What is needed =>
Lines containing the word "Stock" are the ones to copy from the records below.

Data listing =>
★ ★ ★
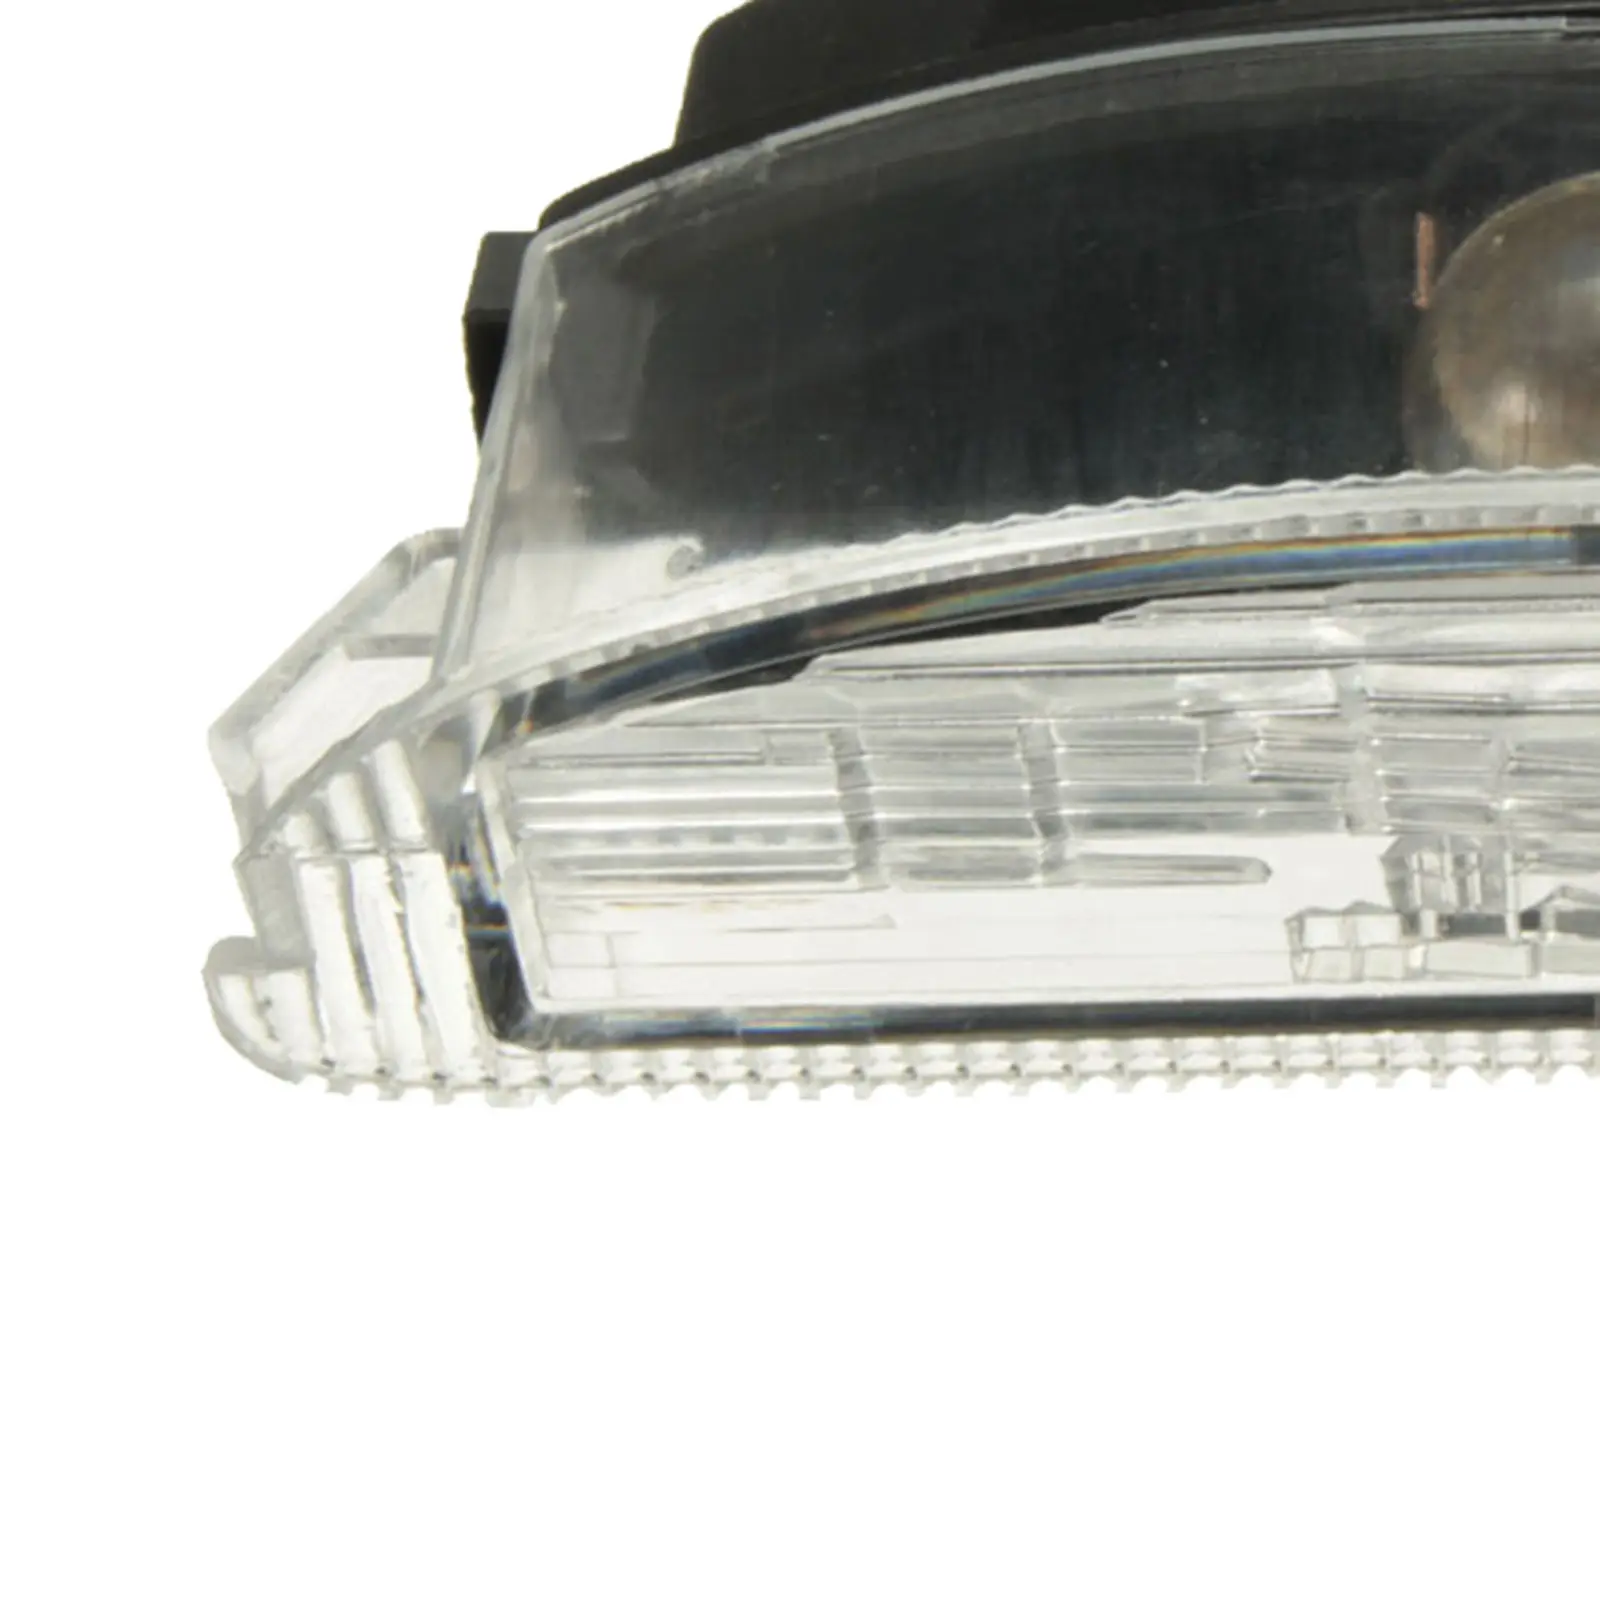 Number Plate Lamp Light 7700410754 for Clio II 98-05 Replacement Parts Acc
★ ★ ★
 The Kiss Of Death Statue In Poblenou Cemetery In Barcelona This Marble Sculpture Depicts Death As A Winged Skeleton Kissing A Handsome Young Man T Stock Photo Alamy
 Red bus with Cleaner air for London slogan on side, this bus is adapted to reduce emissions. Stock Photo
★ ★ ★
Exercise answer =>
 The Kiss Of Death Statue In Poblenou Cemetery In Barcelona This Marble Sculpture Depicts Death As A Winged Skeleton Kissing A Handsome Young Man T Stock Photo Alamy
 Red bus with Cleaner air for London slogan on side, this bus is adapted to reduce emissions. Stock Photo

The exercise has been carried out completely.